Discussion in 'Automated Trading' started by Леончек, Jul 28, 2025.

  1. kbs

    kbs

    I have not looked at what perpetual contracts, you are dealing with.

    But if your rational is an impact cost of 1%. Maybe *your logic* because you are selling in drops of 1% of total position 100*1000K position 100.000K. After your one decade of trading experince! Or what!

    I guss that your perpetual contracts not are on Bitcoin, Etherum, Tether or Salanda. Because your guss of moving the market more than the daily vol many days, must be on some other more crypto exsotics.

    But, again with your own logic, why buy a 100.000K postion if you know you move the market up to the big nasty 100.000K sell order 1% abow the ASK. That with your logic *If I understood your right* will move the market more, than you drop buy and sell.

    Anyways way not jump over the topic of comision 200 trades are nothing to move 100.000K
     
    #21     Jul 30, 2025
  2. Thanks, your ideas sound reasonable. I spent abround 10 hours going through articles like one you sent. At some point you just give up lol.

    Let's say, we have 2% edge for a given trade right now. We take a look at the TOB, ADV. We also know that average spread for the instrument and fees are 0.3% leaving us with 1.7% edge We want to leave some meat on the bone, so let's say we want to execute the amount that would account for impact cost 0.7% (both ways buy and sell), leaving us with 1% remaining edge after all costs. How do we figure out the amount we should execute based on that?

    Right now I use rolling 1% DOB as the amount. But is it even close to the truth? Since there are usually other 3-7 exchanges trading this perpetual future as well.
    And liquidity also is not distributed equally across order book: liquidity for nearest 0.5% from the spread is usually 2x-7x slimmer than same 0.5% liquidity but 2% away from spread, eg deeper in the book we go, fatter the book gets up until some point
     
    #22     Jul 30, 2025
  3. Thank you for taking time to help me find solution.
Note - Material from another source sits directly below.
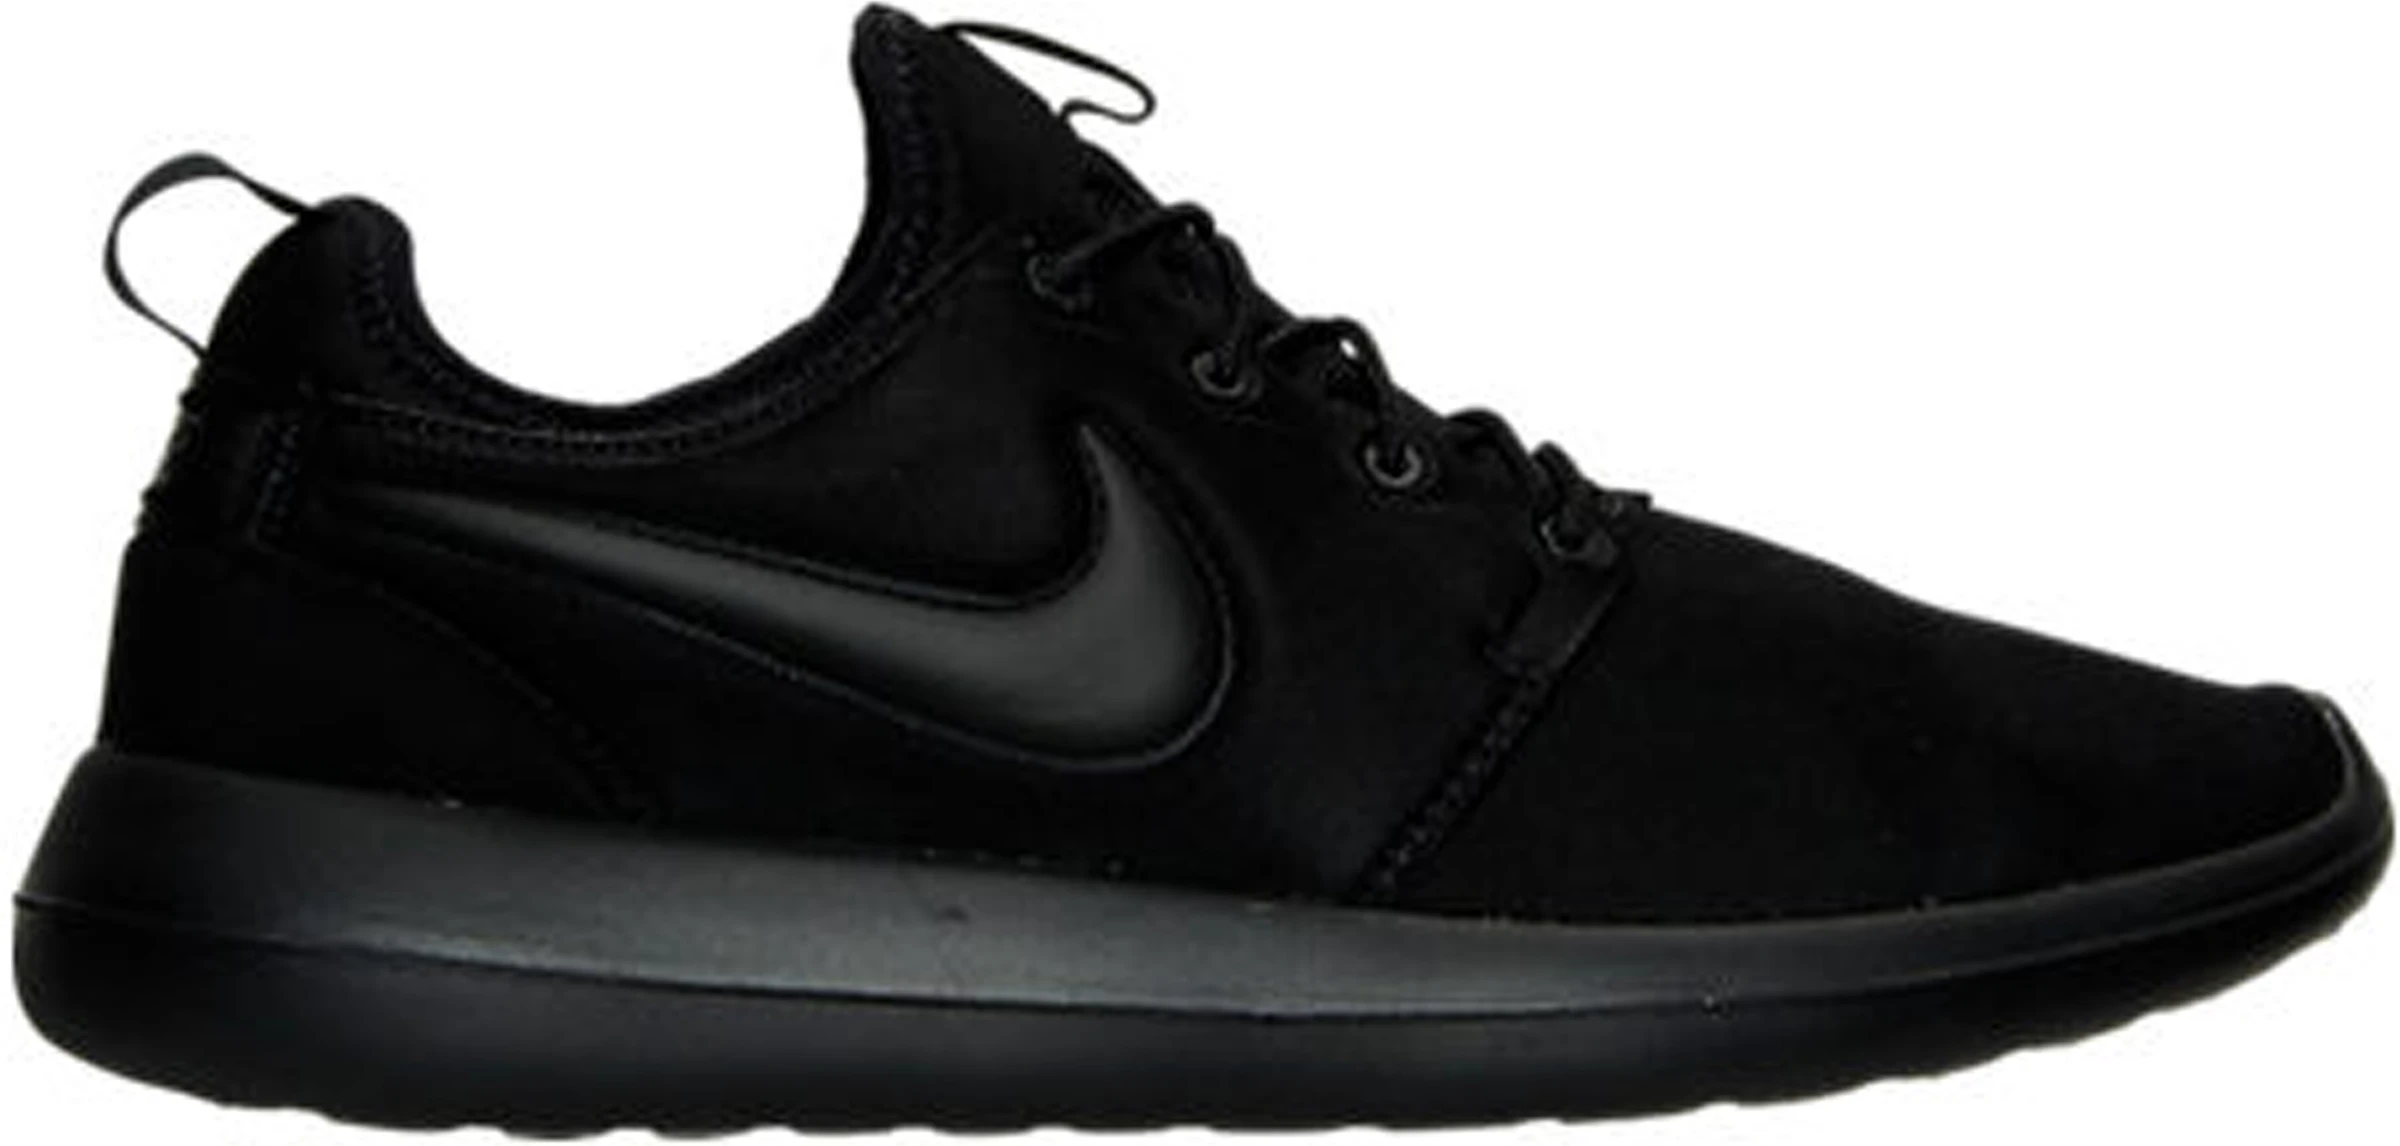 Grave oferta antecedentes Nike Roshe Two Triple Black - 844656-001 - ES

My post above describes situation in more details and answers your questions. You are right - trading goes for "exotic' altcoins top100-top500 of coinmarketcap
     
    #23     Jul 30, 2025
  4. kbs

    kbs

    Congratulation with finding an edge. You second post is a bit more clear.

    I wrote about Jim Rickards a former lawyer and prem dealer * in one of my posts*, now writter. That loste some money in the bust of Long Team Capital Mangement.

    Jim claims that some crypto exhange create false liqvidity out of tin air.

    Is false liqvidity a real thing, that you know of, one any crypto exhange.

    I do not trade cryto myself, so I do not know!

    But, maybe something like CFD level 2 orderbook thing like a bucket shop
     
    #24     Jul 30, 2025
    Леончек likes this.
  5. Thank you. Liquidity can be fake for sure, but edge was consistent for a very long time and my only worry is to estimate how much I can execute based on orderbook.

    I guess, the real question is give the edge and full information of orderbook - how to calculate relationship between amount executed and our impact. For now, I just take average 1% of orderbook depth in $ and assume that when I buy this amount in one taker order I will move market 0.5% up ( or my average price will be 0.5% up from best ask)
    And then , when later I sell it in one order I will also move it 0.5% down. So in total I will lose 0.5%+0.5% on impact.
    I understand how naive this model is since:

    1. There are multiple exchanges trading same contract and they share liquidity.
    2. Orderbook tends to be way slimmer around the current price
    3. We can have fake liquidity
    4. If we execute our amoint in many small tardes our impact could be less than 0.5% one way

    But I don't know how to incorporate all of that into my model.
     
    #25     Jul 30, 2025
  6. trismes

    trismes

    Simply pushing the limits of size at one venue will generate the least overall profit. Plus your calculations are based on the whole order book which makes no sense, especially if stuffed to the rafters with ghost quotes.
    you need figure out the actual top of book. I'd try realtime T&S, make a model, get that right first. Then, you figure out max slice > repeat at other venues (not at exact same moment or size) > monitor impact > repeat at x interval until it reaches your threshold.
     
    #26     Jul 31, 2025
  7. I understand your reasoning. How do I make a model that can approximate my impact? I use +-0.5% of last price to measure how much I can execute - is it too much? Let's say I bite 1-2 basis points per order - how would you measure your impact through the noise?
     
  8. trismes

    trismes

    Price drift - on trade, pre and post (say 5-10 seconds) is the easiest. then monitoring spreads to return, order book to refill which if illiquid is prob more important. Yes 0.5% is a lot - you're gonna hoover up not just your impact but everyone elses so smaller. Maybe 5-10bps?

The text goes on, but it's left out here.